But the naming is a mess. Llama 3.1, 3.2, 3.3 — they’re not sequential upgrades. They’re different model families released for different purposes, and picking the wrong one wastes your VRAM on a worse model. This guide cuts through it.

The Llama 3 Family at a Glance

Model	Parameters	Release	Context	Type	Ollama Command
Llama 3.2 1B	1.24B	Sep 2024	128K	Text only	`ollama pull llama3.2:1b`
Llama 3.2 3B	3.21B	Sep 2024	128K	Text only	`ollama pull llama3.2:3b`
Llama 3.1 8B	8.03B	Jul 2024	128K	Text only	`ollama pull llama3.1:8b`
Llama 3.2 Vision 11B	10.67B	Sep 2024	128K	Text + Images	`ollama pull llama3.2-vision:11b`
Llama 3.3 70B	70.6B	Dec 2024	128K	Text only	`ollama pull llama3.3:70b`
Llama 3.2 Vision 90B	88.8B	Sep 2024	128K	Text + Images	`ollama pull llama3.2-vision:90b`
Llama 3.1 405B	405B	Jul 2024	128K	Text only	Too large for most local setups

All models support 128K context. All have instruct-tuned versions (the ones you want for chat). The base/pretrained versions exist too but are only useful for fine-tuning.
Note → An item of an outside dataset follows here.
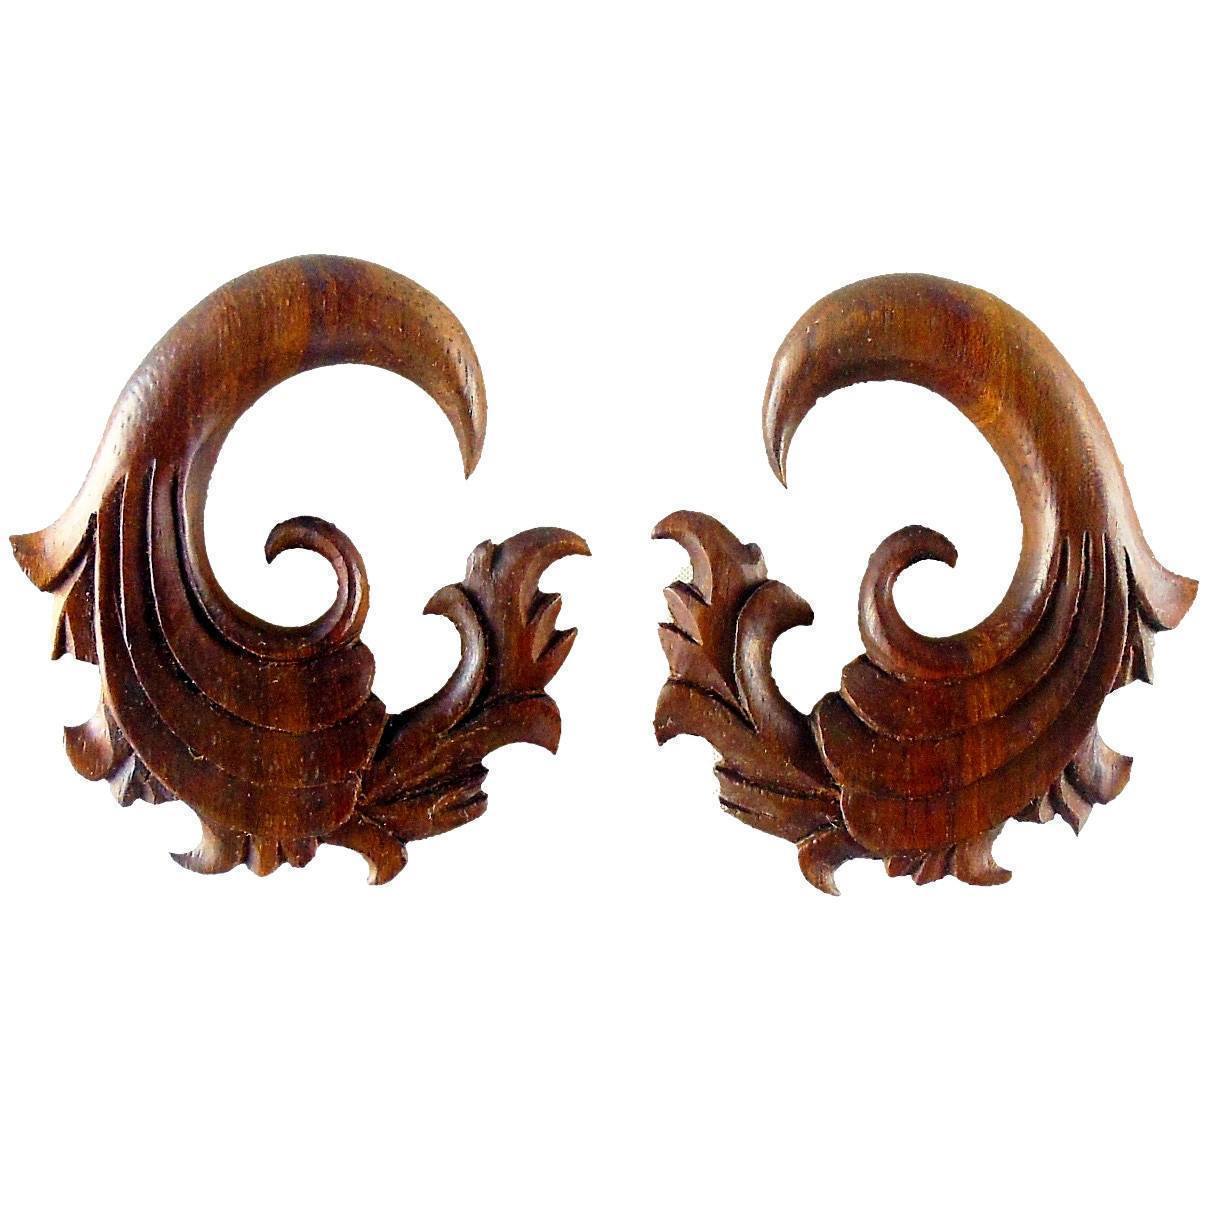 Gauges :|: Fire. 00 Gauge Rosewood Earrings. 1 3/4 inch W X 2 inch L | Wood Body Jewelry

Which Version? 3.1 vs 3.2 vs 3.3

This is where people get confused. The version numbers don’t mean “3.3 is always better than 3.2.”

Llama 3.1 (July 2024) — The big launch. 8B, 70B, and 405B text models. Extended context to 128K tokens. Multilingual support for 8 languages. The 8B is still the one to use at that size.

Llama 3.2 (September 2024) — Two separate things packaged under one name:

Small text models (1B, 3B) built for edge devices and mobile. Not downsized 8B models — they’re distinct architectures using Grouped-Query Attention, optimized to be tiny.
Vision models (11B, 90B) that can process images. Built by adding vision adapters to the Llama 3.1 text backbone. The 11B runs on 8 GB VRAM.

Llama 3.3 (December 2024) — One model only: 70B text. Trained to match 3.1 405B performance at 70B size. Massive improvements over 3.1 70B in math (+9.2 on MATH), instruction following (92.1 IFEval, beating 405B), and multilingual (+4.2 on MGSM). This is the 70B you should use — 3.1 70B is obsolete.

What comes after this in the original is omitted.